[Extracted data entries]
========================================================================
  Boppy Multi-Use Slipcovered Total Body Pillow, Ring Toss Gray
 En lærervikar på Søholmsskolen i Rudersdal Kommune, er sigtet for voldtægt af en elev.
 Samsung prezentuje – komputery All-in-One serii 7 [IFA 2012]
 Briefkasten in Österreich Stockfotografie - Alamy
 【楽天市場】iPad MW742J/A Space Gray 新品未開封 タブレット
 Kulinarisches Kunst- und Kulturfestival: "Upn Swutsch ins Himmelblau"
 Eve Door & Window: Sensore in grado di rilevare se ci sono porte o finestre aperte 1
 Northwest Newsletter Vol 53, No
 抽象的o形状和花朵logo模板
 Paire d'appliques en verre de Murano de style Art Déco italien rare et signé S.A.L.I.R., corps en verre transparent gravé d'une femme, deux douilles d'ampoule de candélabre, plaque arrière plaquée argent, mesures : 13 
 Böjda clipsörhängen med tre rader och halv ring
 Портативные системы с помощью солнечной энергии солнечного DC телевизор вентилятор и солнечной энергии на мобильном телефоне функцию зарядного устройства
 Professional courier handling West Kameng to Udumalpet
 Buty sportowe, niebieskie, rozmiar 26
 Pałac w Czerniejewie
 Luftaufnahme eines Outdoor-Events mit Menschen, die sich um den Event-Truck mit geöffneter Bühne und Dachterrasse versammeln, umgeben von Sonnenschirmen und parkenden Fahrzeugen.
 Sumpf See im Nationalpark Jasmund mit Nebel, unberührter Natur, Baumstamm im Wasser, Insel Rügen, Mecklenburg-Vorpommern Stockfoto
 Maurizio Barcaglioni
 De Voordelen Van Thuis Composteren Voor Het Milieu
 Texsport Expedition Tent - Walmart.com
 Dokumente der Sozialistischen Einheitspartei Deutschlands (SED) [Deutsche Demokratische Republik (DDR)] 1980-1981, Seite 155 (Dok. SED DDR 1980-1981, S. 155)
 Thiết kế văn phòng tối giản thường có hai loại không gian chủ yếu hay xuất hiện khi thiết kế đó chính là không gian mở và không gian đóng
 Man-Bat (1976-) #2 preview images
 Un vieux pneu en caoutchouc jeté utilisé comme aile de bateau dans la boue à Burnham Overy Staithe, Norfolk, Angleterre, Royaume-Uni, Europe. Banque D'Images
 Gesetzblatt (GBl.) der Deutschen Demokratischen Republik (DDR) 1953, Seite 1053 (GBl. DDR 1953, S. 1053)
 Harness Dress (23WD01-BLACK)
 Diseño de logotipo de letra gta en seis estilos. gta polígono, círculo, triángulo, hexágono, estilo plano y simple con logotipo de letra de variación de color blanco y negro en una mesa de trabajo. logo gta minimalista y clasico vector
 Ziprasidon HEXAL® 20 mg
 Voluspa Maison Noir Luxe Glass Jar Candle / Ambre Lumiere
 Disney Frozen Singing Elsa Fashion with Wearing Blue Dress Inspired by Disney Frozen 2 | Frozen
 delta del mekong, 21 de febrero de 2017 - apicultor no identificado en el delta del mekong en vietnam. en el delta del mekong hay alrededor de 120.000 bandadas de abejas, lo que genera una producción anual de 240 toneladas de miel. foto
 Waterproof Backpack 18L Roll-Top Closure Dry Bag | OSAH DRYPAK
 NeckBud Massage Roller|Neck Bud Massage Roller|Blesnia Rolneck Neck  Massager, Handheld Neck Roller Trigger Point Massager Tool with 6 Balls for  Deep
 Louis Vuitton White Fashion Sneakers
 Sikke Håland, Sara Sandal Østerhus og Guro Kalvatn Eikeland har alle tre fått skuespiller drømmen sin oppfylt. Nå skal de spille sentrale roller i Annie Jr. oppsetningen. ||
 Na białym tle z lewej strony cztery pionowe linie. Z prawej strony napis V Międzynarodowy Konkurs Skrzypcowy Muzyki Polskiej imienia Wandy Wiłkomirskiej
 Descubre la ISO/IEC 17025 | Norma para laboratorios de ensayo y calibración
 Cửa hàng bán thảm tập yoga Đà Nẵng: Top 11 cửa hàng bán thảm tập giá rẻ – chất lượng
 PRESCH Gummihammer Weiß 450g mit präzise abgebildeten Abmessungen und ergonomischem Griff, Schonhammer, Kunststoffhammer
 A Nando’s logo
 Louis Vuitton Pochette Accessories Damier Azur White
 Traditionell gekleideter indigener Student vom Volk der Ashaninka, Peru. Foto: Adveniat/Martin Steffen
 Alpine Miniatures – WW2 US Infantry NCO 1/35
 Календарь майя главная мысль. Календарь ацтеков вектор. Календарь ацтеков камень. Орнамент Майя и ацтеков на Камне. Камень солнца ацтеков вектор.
========================================================================
» **Brief**
In the entries above, find each line that includes the string "Fashion" and copy it.

» **Output for this exercise**
 Disney Frozen Singing Elsa Fashion with Wearing Blue Dress Inspired by Disney Frozen 2 | Frozen
 Louis Vuitton White Fashion Sneakers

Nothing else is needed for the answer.